Neglect of the last estate's owner A. Molostov -- the husband of Suvorov's great-grand-daughter -- led to the almost complete dilapidation of the house. Only due to the fact that the centenary of the generalissimo's death was marked in 1900, the local authorities and the Novgorod gentry decided to preserve the little summer house (Svetelka) on Dubikha Hill and to erect a stone church in the place of the original one (1786-1789) which had been transferred to St. Petersburg. After the revolution quite a number of original objects were stolen and the constructions fell into decay.
In October 25, 1942, the estate was turned into a museum, which started a new chapter in its history. The exhibits were collected in local villages, brought from Leningrad (many were contributed by the Leningrad Artillery Museum) and from Borovichi museums.
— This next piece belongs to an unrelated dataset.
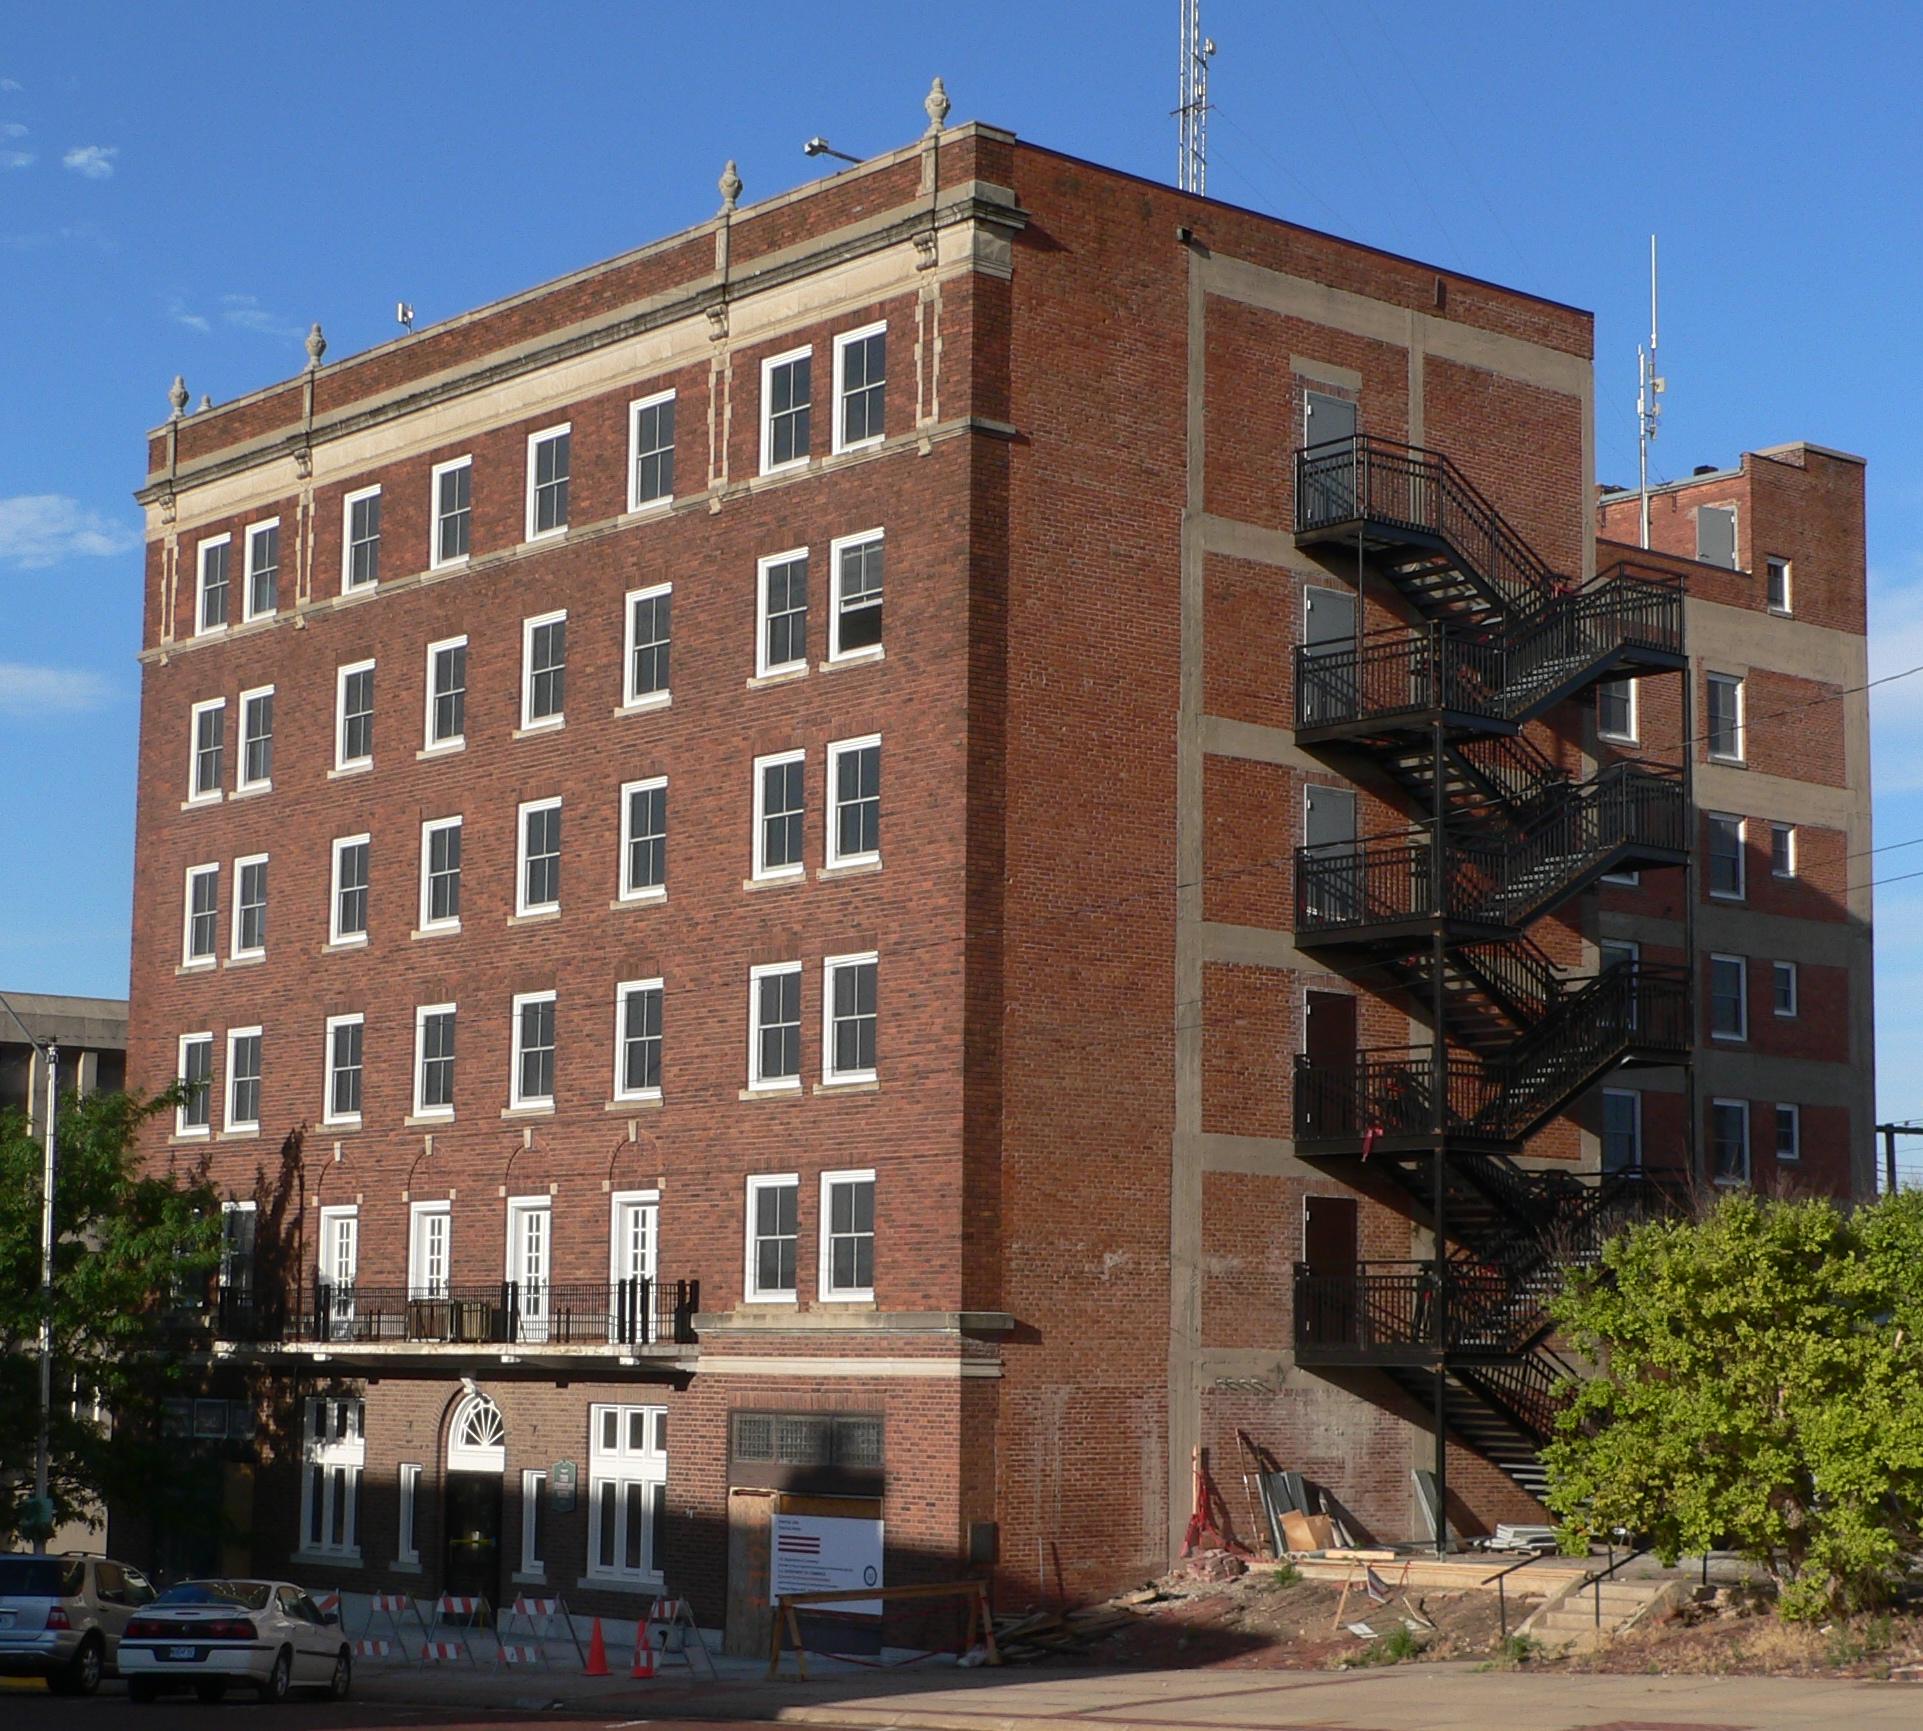 File Keystone Hotel Mccook Nebraska From Ne 1 Jpg

Nowadays the rooms of the memorial house accommodate a large number of original objects from the estate, military uniforms of those days, arms, paintings, engravings, furniture and books.
In 1975 a diorama dedicated to the heroic events of the Swiss campaign was opened to the public in the building of the newly restored Alexander Nevsky Church. The park around the museum as well as the old Svetelka and the surrounding territories are being carefully cleaned and restored.